Oh, Mama

0
605

Mama_
Mama is creepy, but not fully realized

By Sarah Bohuch

Stop me if you’ve heard this one before: once upon a time two children enter the cold, dark woods, only to experience tragedy when their mother is mysteriously taken from them. After much wandering, they come across a small cottage. It looks abandoned, but in reality it’s not, and neither are the surrounding woods. No, not ringing any bells?

I’m a sucker for a good ghost story, and one seemed to present itself in Andres Muschietti’s Mama. The story itself deals with Victoria and Lily, two sisters who are found in an abandoned cabin in the middle of the woods five years after they went missing from their home. After their rescue (and time at a special clinic) they are taken home by their uncle Lucas (Nikolaj Coster-Waldau of Game of Thrones fame) and his girlfriend Annabel (Jessica Chastain from Zero Dark Thirty). As they all learn to make a new family together, strange things begin to happen around the house, rapidly escalating in both violence and scope. Something, it seems, has followed the girls home from the woods.

The film’s high points are incredible, but these high points take up little screen time. One of the most disturbing moments of the film takes place when the girls are initially found, and it becomes clear that something mysterious has happened to them and they are no longer normal. They skitter around the cabin on all fours, darting from shadow to shadow, seemingly incapable of speech. The only word they do know, which they repeat over and over, is “Mama.”

The less-than-applause worthy moments, however, stick out sorely. The movie makes efforts to drive home the fact that Annabel is edgy and alternative. One of these scenes is during the first meeting of Annabel with the girls’ shrink. She’s hostile to him for no real reason, and the occasion doesn’t call for it since he is advising on proper care of these two obviously emotionally damaged young girls. This happens again later in the movie when she is discussing visitation rights to the girl’s aunt. The situation is an unhappy and uncomfortable one for all of the characters but yet again she is pointlessly aggressive to a woman whose sister has died and has done nothing to warrant it other then put in a bid for custody when the girls were found (which isn’t so unreasonable, given that these are her sister’s kids). The movie also has a scene in which Annabel is playing with her band, which serves no point other than to drive home the fact that yes, she does play bass in a real band. It does nothing to advance the plot, as if the audience would not believe such assertions about her character otherwise. It got to the point where every time the character did anything that was meant to advance this characterization (like acting like a pointless prick) my cousin and I would laugh to each other and say something to the effect of: “It’s okay. She’s in a rock band.”

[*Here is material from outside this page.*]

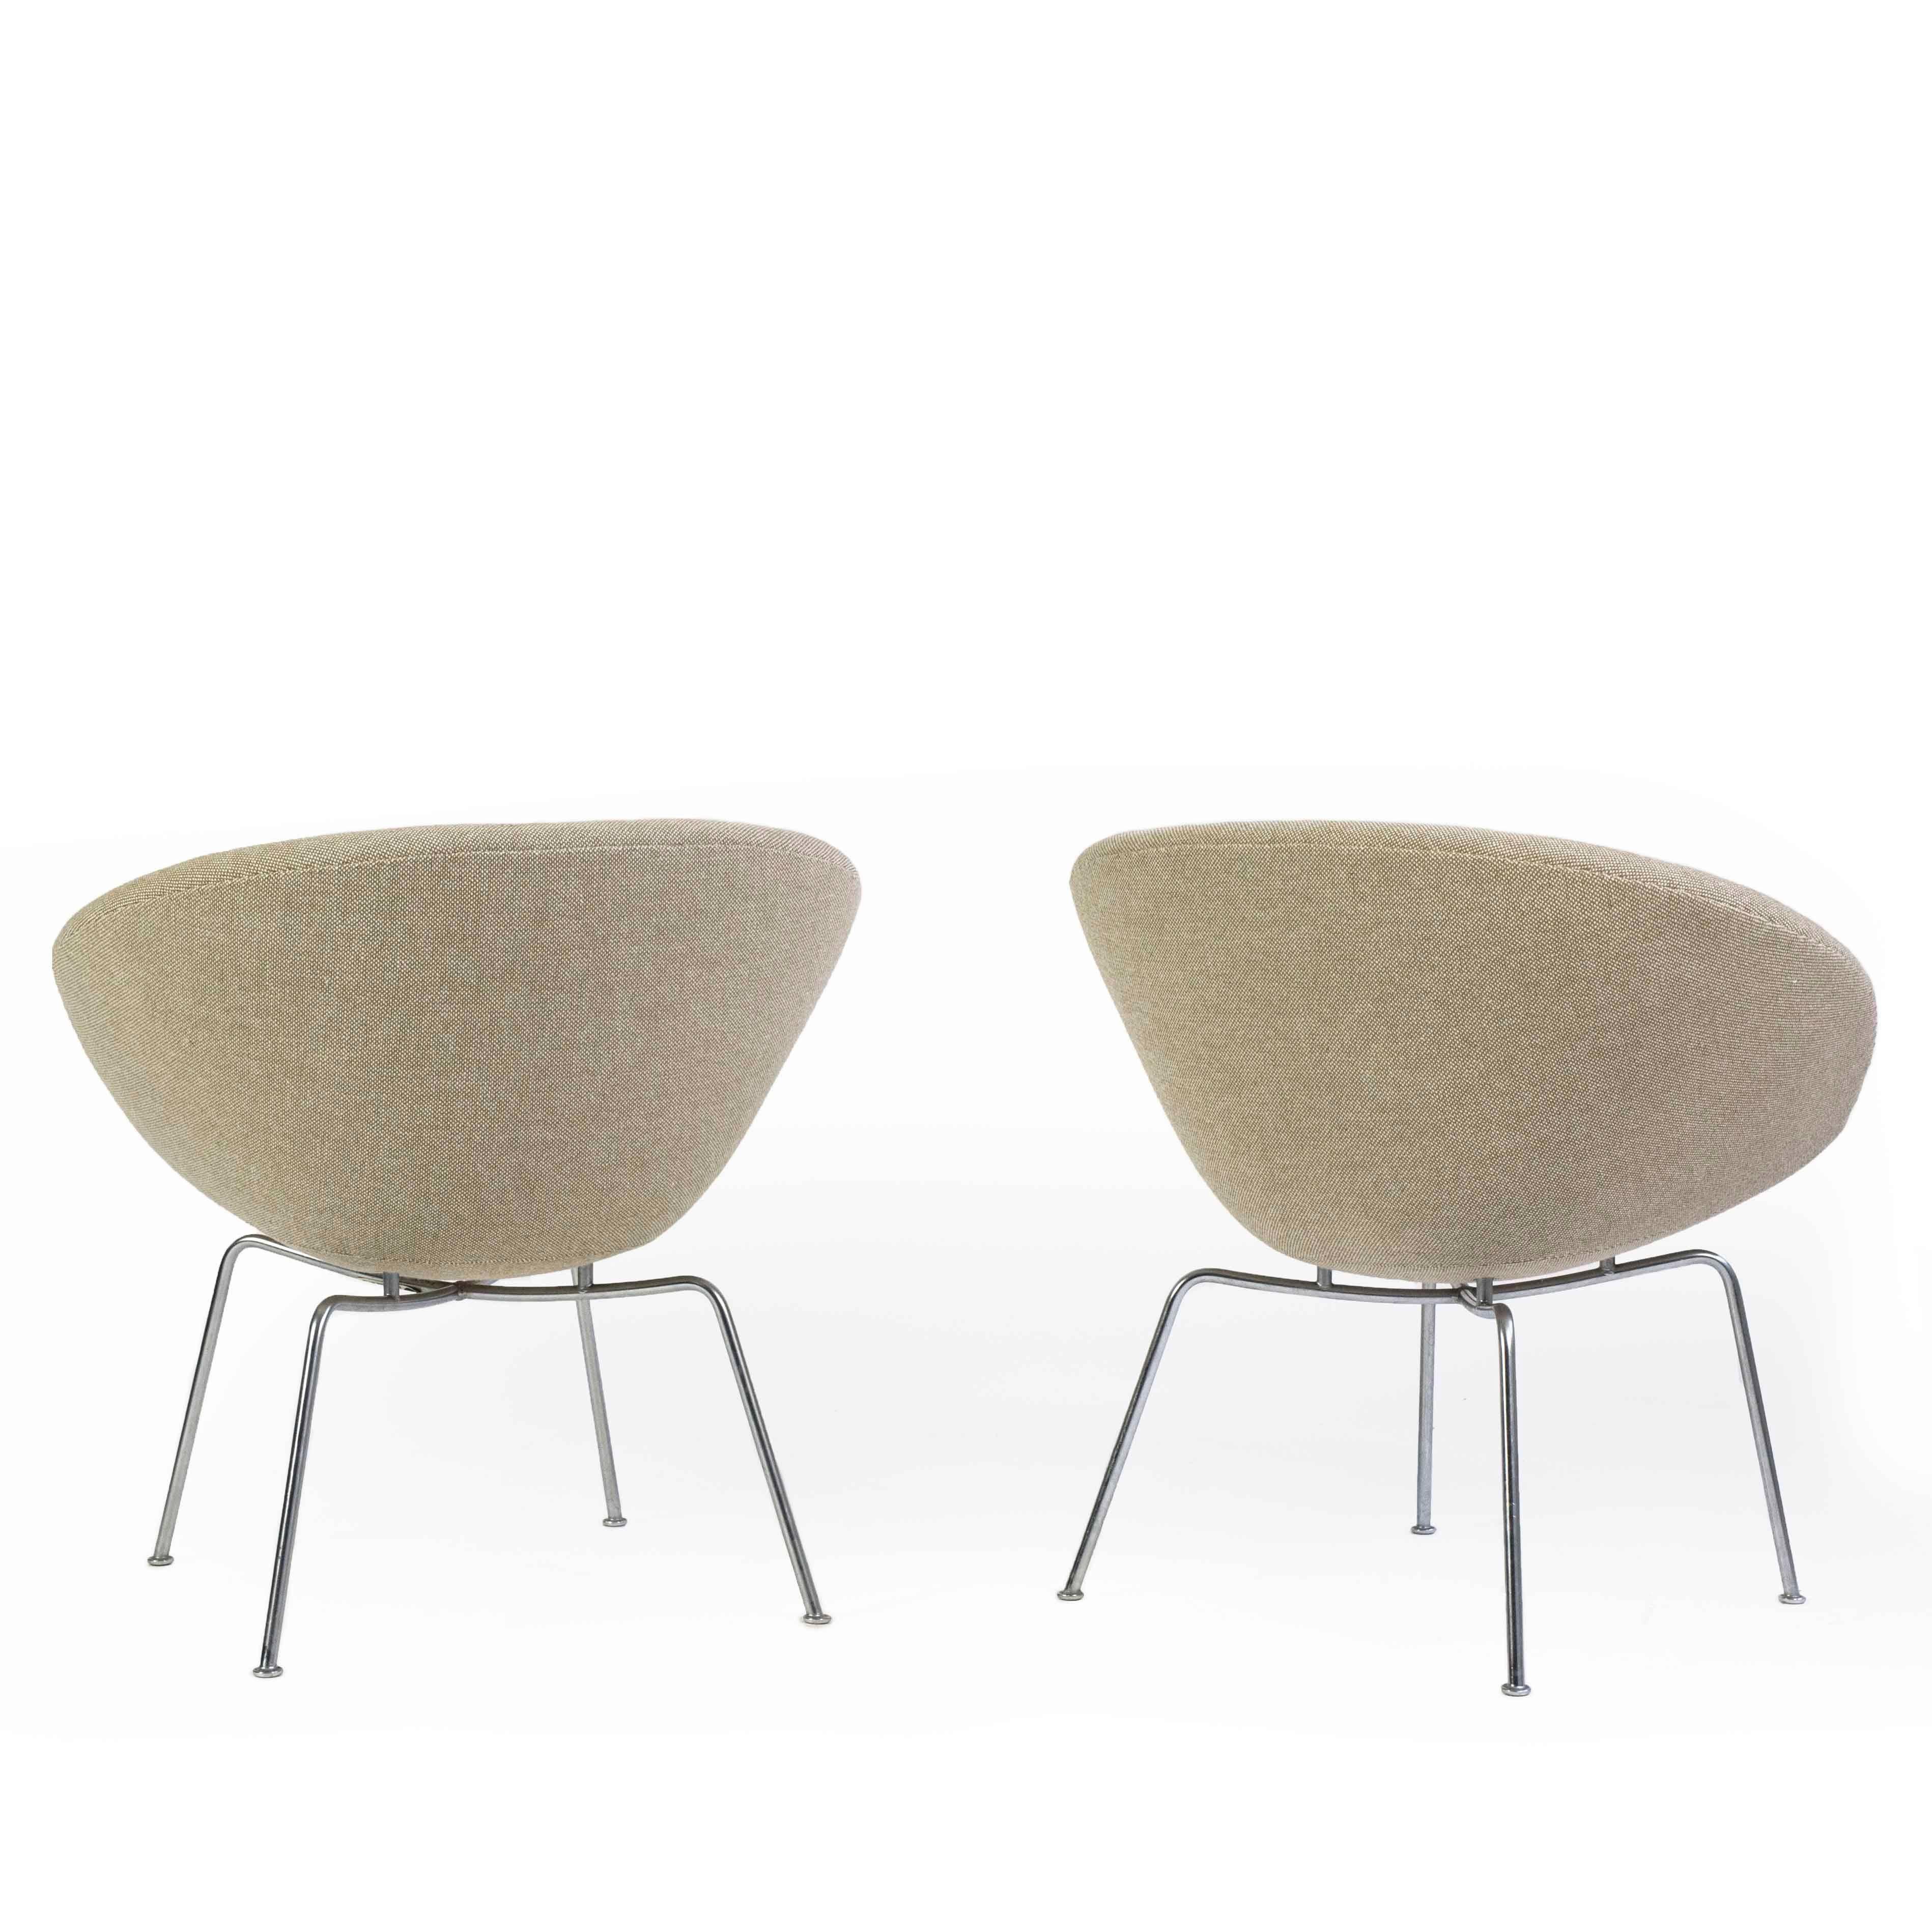 20th Century Pair of Arne Jacobsen Pot Chairs
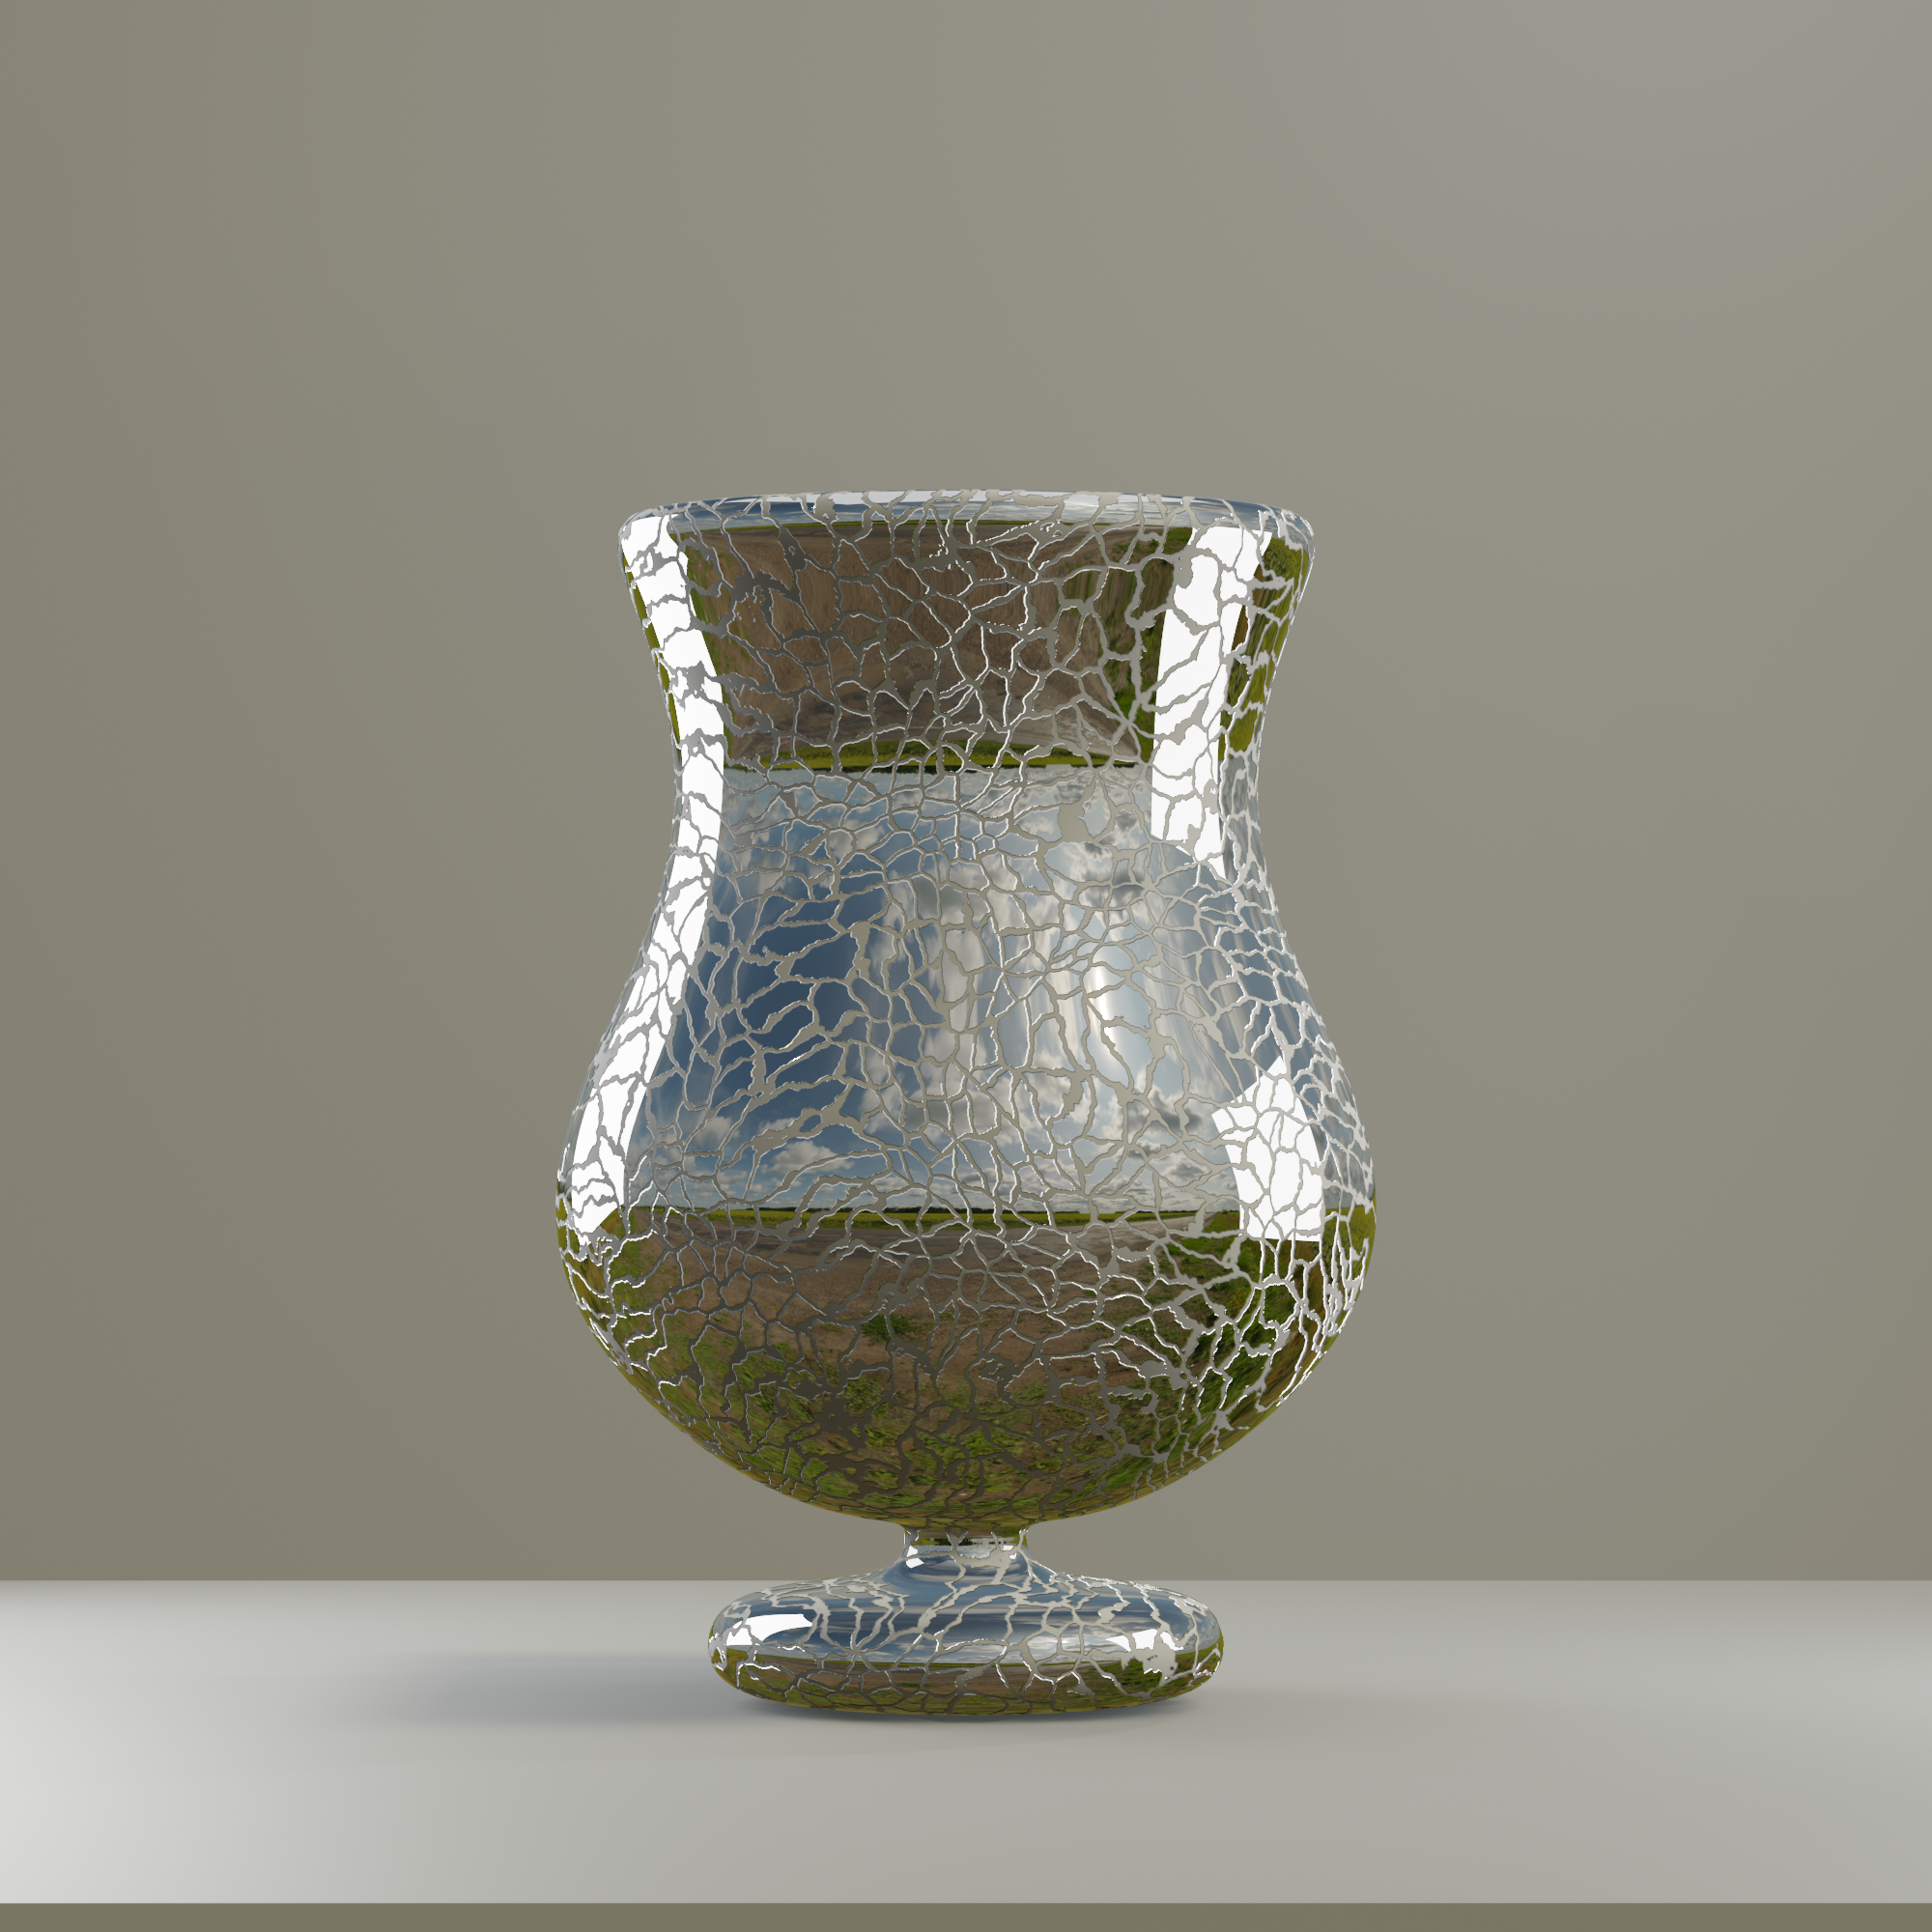 Pack of vases preview image 5

The heavy-handed “telling, not showing” became ingratiating, and made it difficult for us to fully immerse ourselves in the world of the film. While the film was certainly very creepy, it wasn’t wholly realized. If you are in the market for a ghost story with disturbed children, atmospheric dark houses, and a terrible mystery in the woods, then I would recommend this one, but if you’re looking for the next Shining, you’d best look elsewhere.